**SUPPLIED MATERIAL**
────

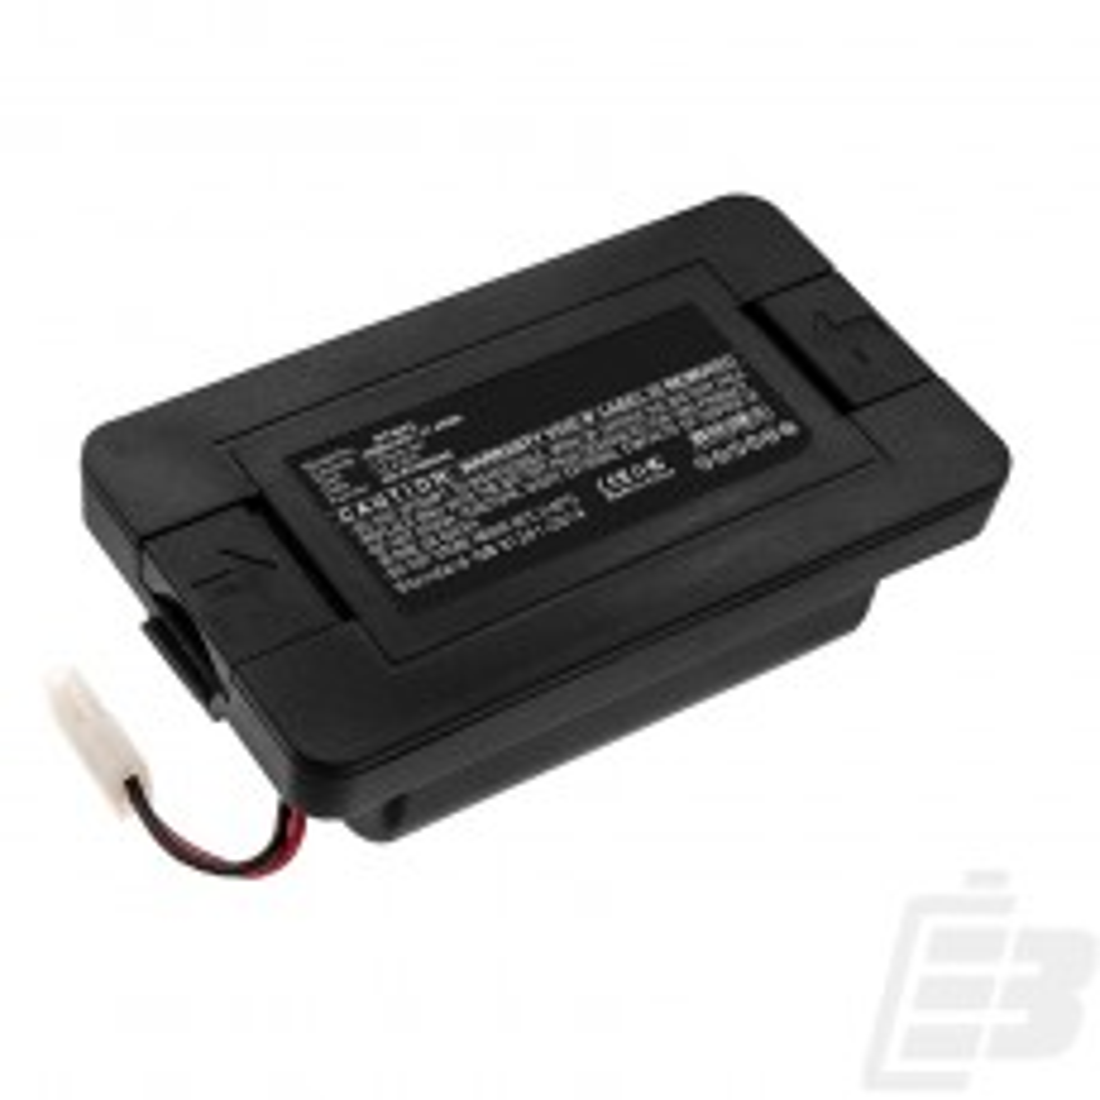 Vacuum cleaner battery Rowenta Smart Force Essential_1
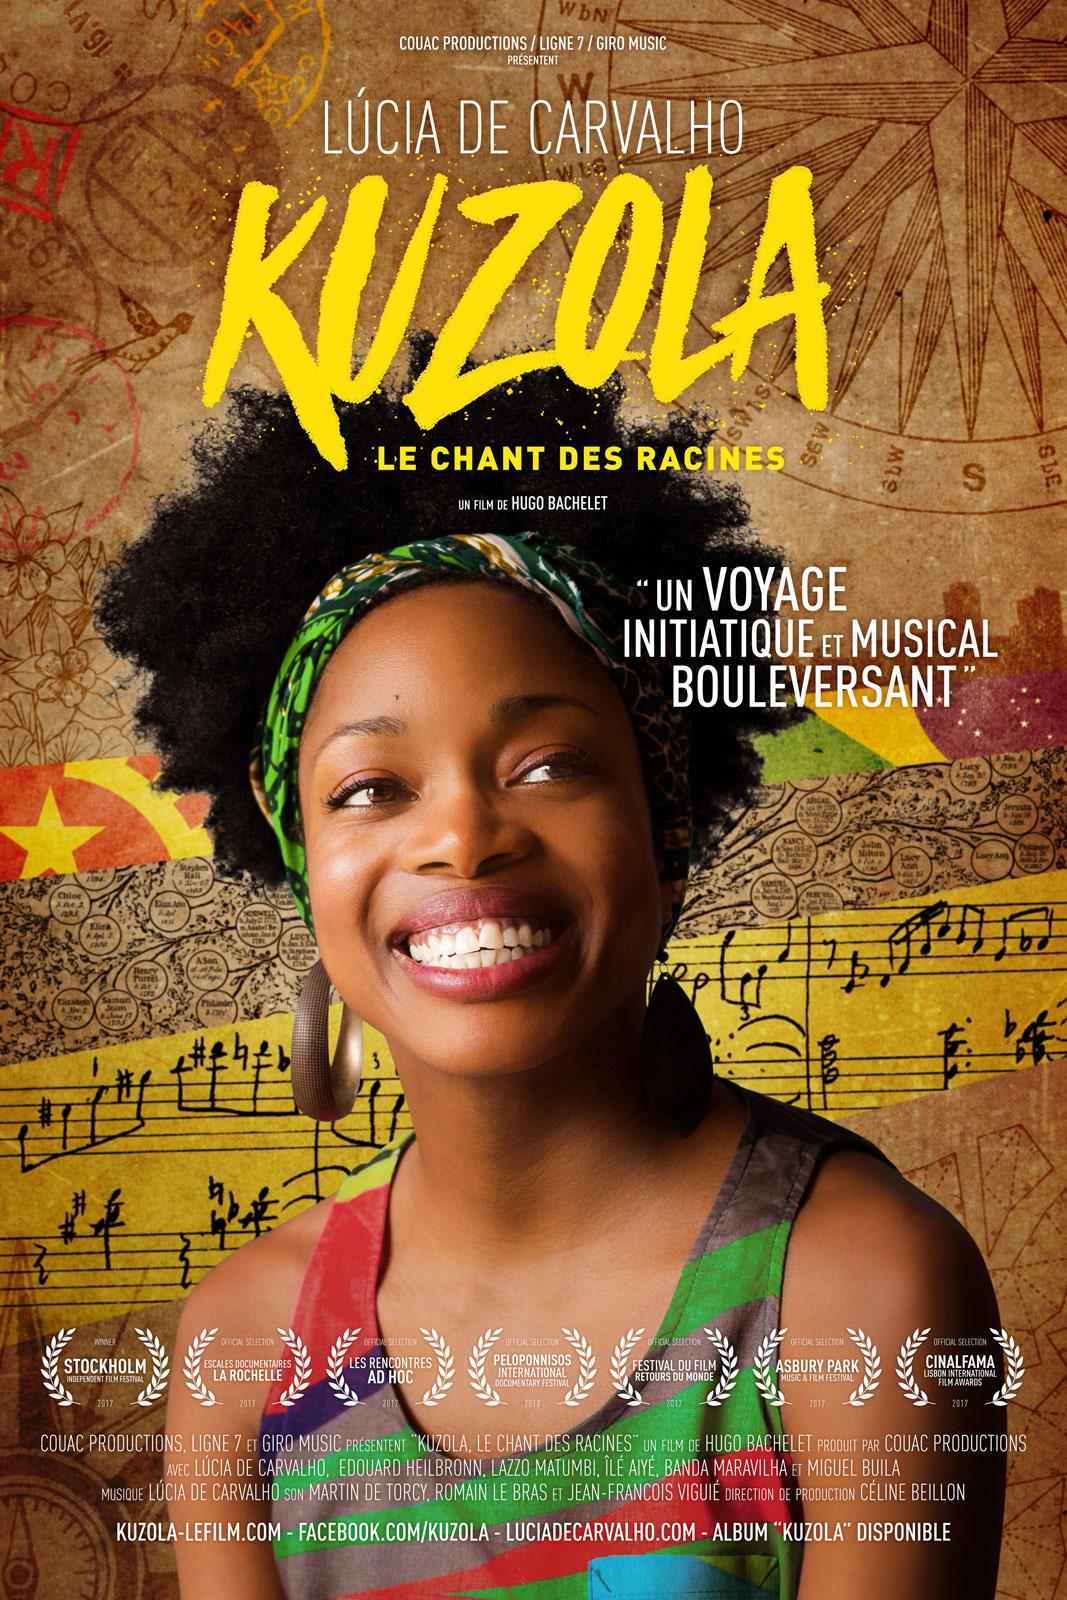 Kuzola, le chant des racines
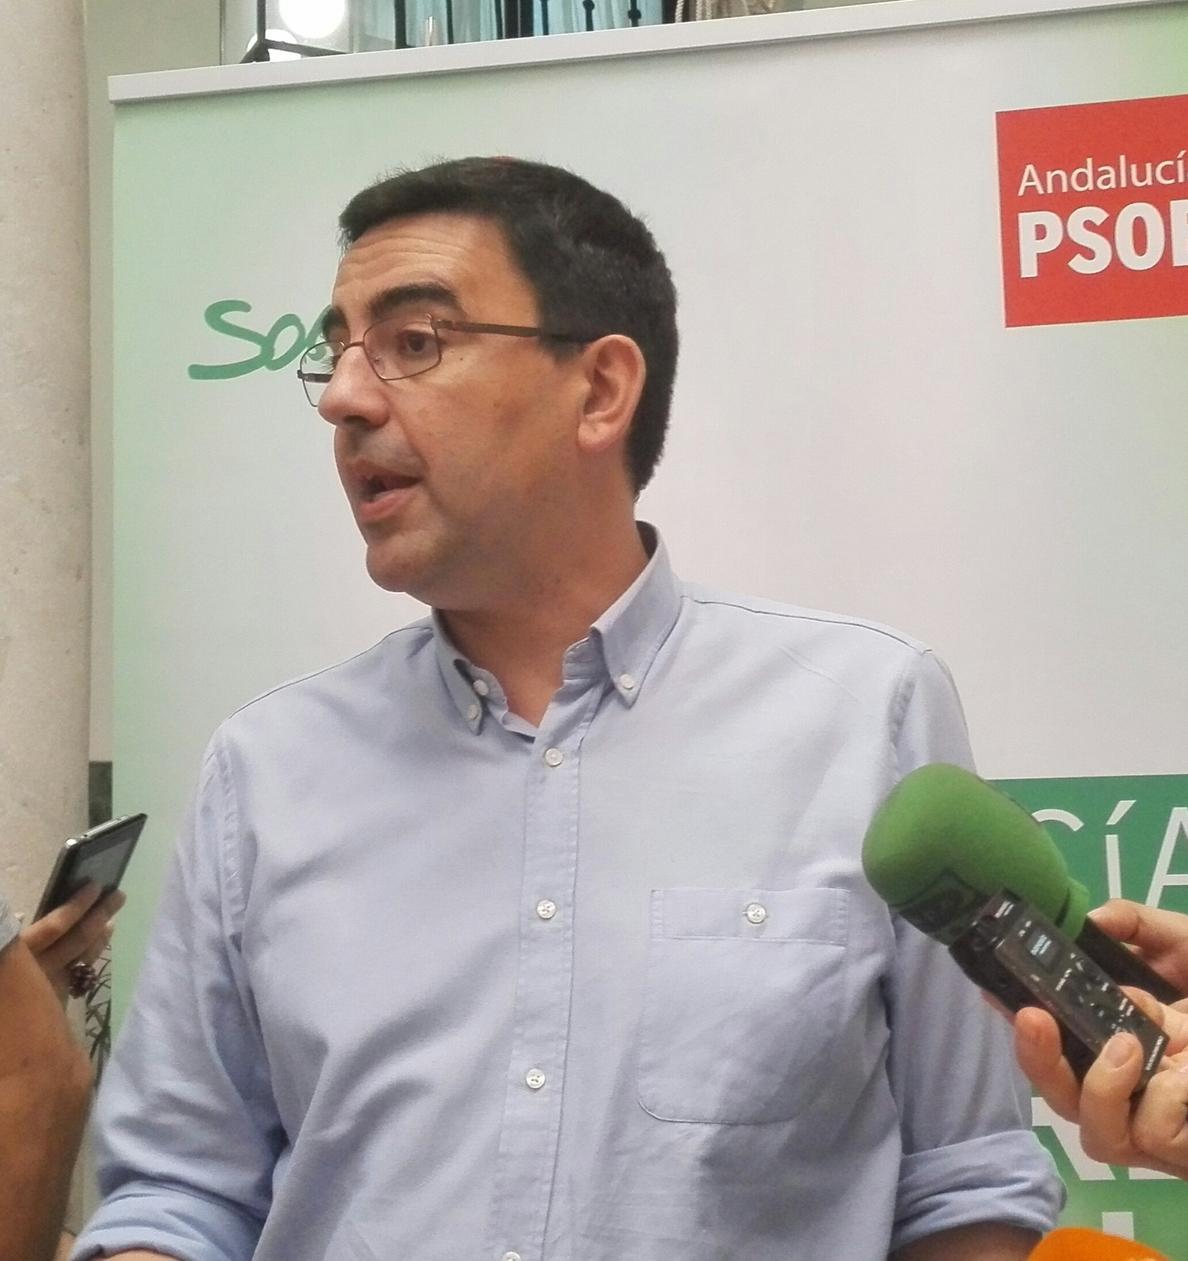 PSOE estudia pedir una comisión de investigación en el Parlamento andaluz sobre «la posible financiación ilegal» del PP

────

**EXERCISE**
Leave out the pictures and repeat the remaining data exactly.

**TASK OUTPUT**
 Vacuum cleaner battery Rowenta Smart Force Essential_1
 Kuzola, le chant des racines
 PSOE estudia pedir una comisión de investigación en el Parlamento andaluz sobre «la posible financiación ilegal» del PP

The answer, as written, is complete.